For illustrative purposes we focus on the simplest and most straightforward criterion, which states one should extract factors with an eigenvalue > 1. (If you don’t know what an eigenvalue is, that’s not a problem—all you need to know is that this quantity should be >1 for a factor to be extracted). The reason is that factors with eigenvalues < 1 represent less variance than a single variable, which negates the entire purpose of EFA, namely to represent the most important dimensions of variation in the data in an economical way.
Lewandowsky observed that application of the eigenvalue-less-than-1 criterion to the CO2 questions resulted in the retention of 1 factor. The second eigenvalue of the FM questions was greater than 1, but in that case, Lewandowsky eliminated the question loading on the second factor.
Again, at this point, I’m not taking exception to any particular criterion. Nor did I argue that two factors should be retained for the CO2 questions. I was merely trying to guess how Lewandowsky had obtained his explained variance results.
Lewandowsky ended his blog post with the following accusation:
There are two explanations for this obvious flaw in Mr. McIntyre’s re-“analysis”. Either he made a beginner’s mistake, in which case he should stop posing as an expert in statistics and take a refresher of Multivariate Analysis 101. Or else, he intentionally rigged his re-“analysis” so that it deviated from our EFA’s in the hope that no one would see through his manufacture of doubt.

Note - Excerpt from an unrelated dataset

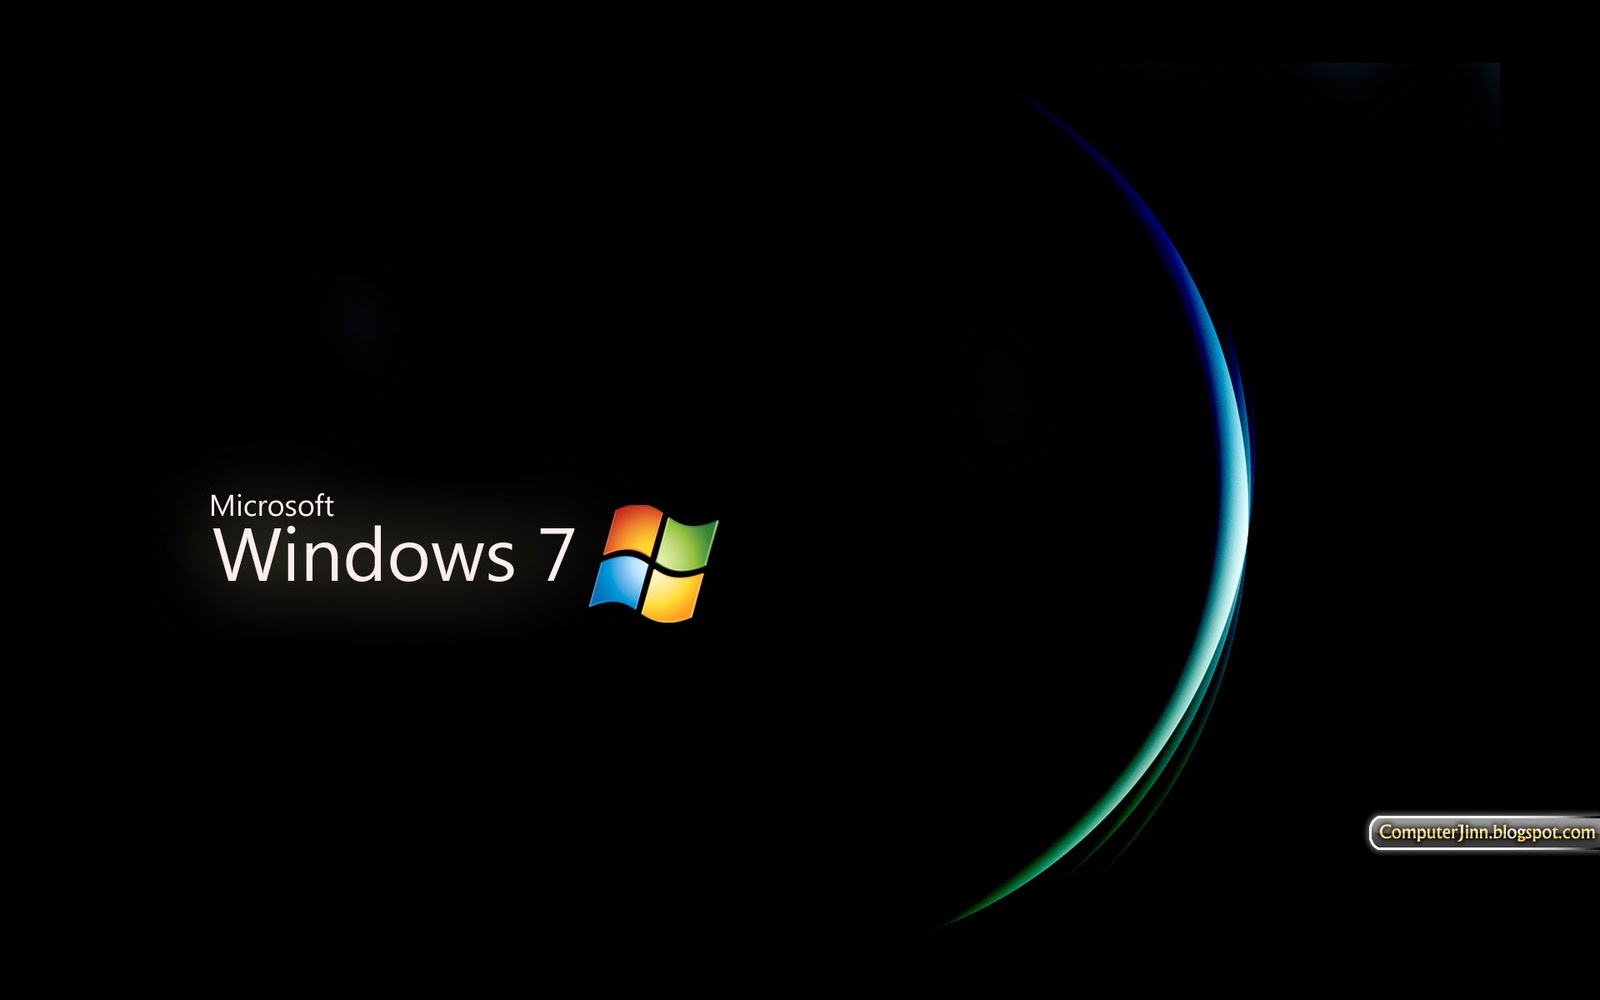 Bạn đang tìm kiếm một bộ sưu tập hình nền windows 7 đậm chất bí ẩn? Hãy tải ngay hình nền windows 7 đen và tối miễn phí về máy tính của bạn để có những trải nghiệm thú vị.

As noted above, the reason why I was unable to replicate Lewandowsky’s explained variance claims was because they were incorrect – they came from the eigenvectors (from principal components) and not the factors (from factor analysis). The person who appears to be in need of Multivariate 101 is Lewandowsky himself.
Lewandowsky’s attempt to divert attention to the number of retained factors was a fabricated diversion on several counts. I made no attempt to emulate lewandowsky’s unreported retention procedure. I used two factors to analyse the FM question not because of a “fiat” on my part, but because Lewandowsky himself had used that number. Nor did I propose the use of two factors for the third (CO2) analysis: I noticed that 86% explained variance arose with two factors. As matters turned out, Lewandowsky had made a different error – one that I had not guessed in my previous post, but one that pervaded his other factor analyses as well.

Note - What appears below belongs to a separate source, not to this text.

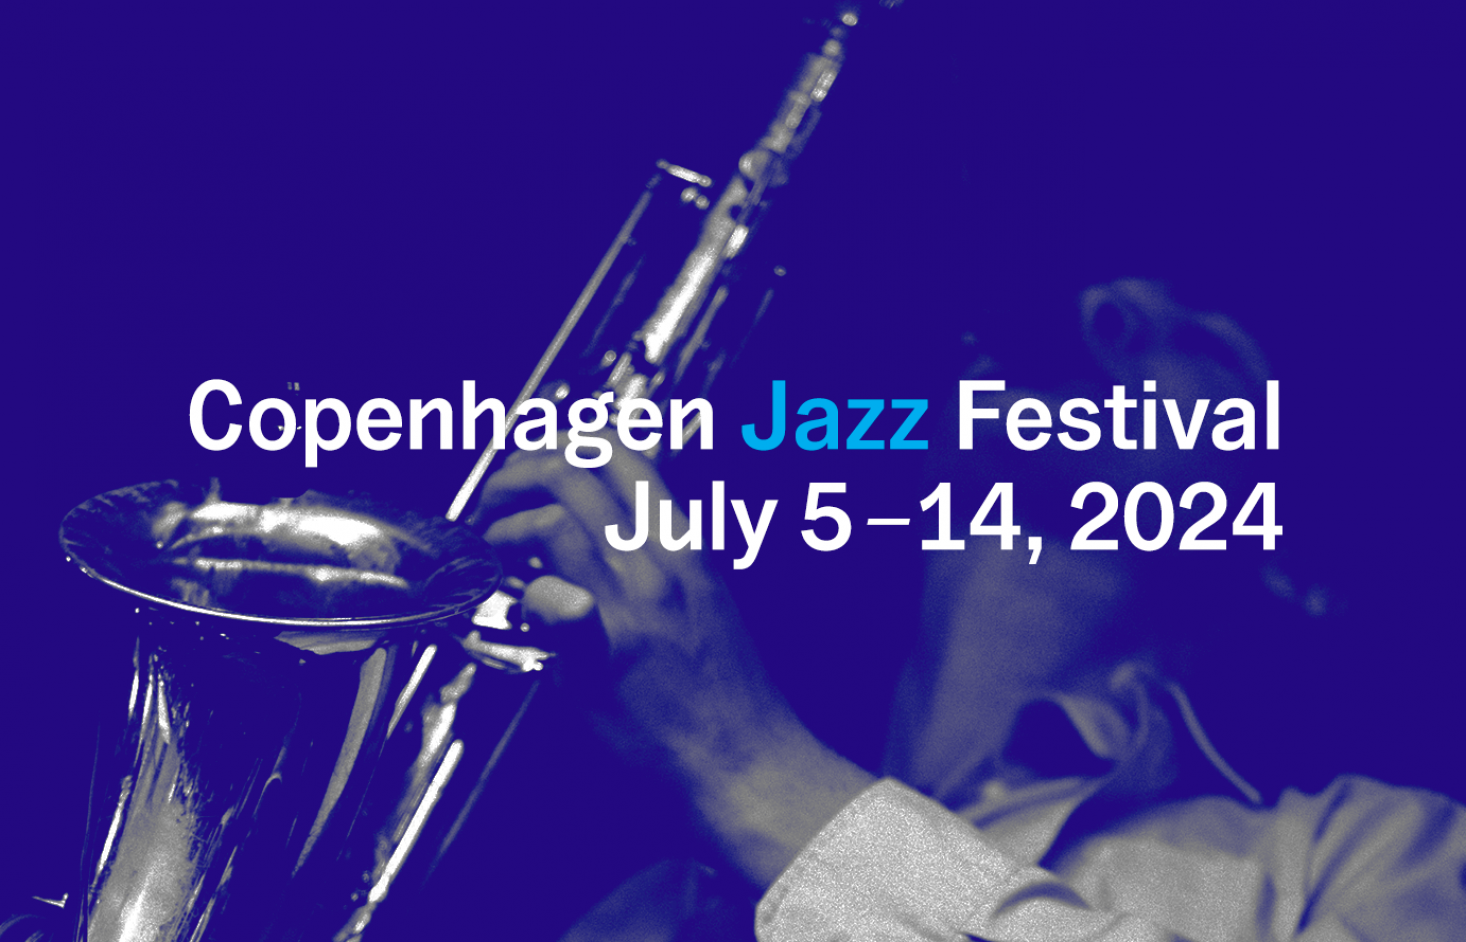 Se datoerne for Copenhagen Jazz Festival 2024

Lewandowsky repugnantly alleged that I might have “intentionally rigged his re-“analysis” so that it deviated from our EFA’s in the hope that no one would see through his manufacture of doubt.”
Lewandowsky’s results are bogus because of his reliance on fake and fraudulent data, not because of replication issues in his factor analysis. Nor do I believe that there should be any “doubt” on this point. In my opinion, the evidence is clearcut: Lewandowsky used fake responses from respondents at stridently anti-skeptic blogs who fraudulently passed themselves off as skeptics the seemingly credulous Lewandowsky.
That Lewandowsky additionally misrepresented explained variances from principal components as explained variances from factor analysis seems a very minor peccadillo in comparison (as I noted at the time.) On this last point, to borrow Lewandowsky’s words, there seem to be two alternatives. Either Lewandowsky “made a beginner’s mistake, in which case he should stop posing as an expert in statistics and take a refresher of Multivariate Analysis 101″.
Or else Lewandowsky, cognizant of how thoroughly compromised his results are by fake/fraudulent data, rather than thanking his critics for spotting defects and withdrawing his study, has decided to double down by trying to manufacture doubt about criticism of the degree to which his data and results have been thoroughly compromised in the “hope that no one would see through his manufacture of doubt.”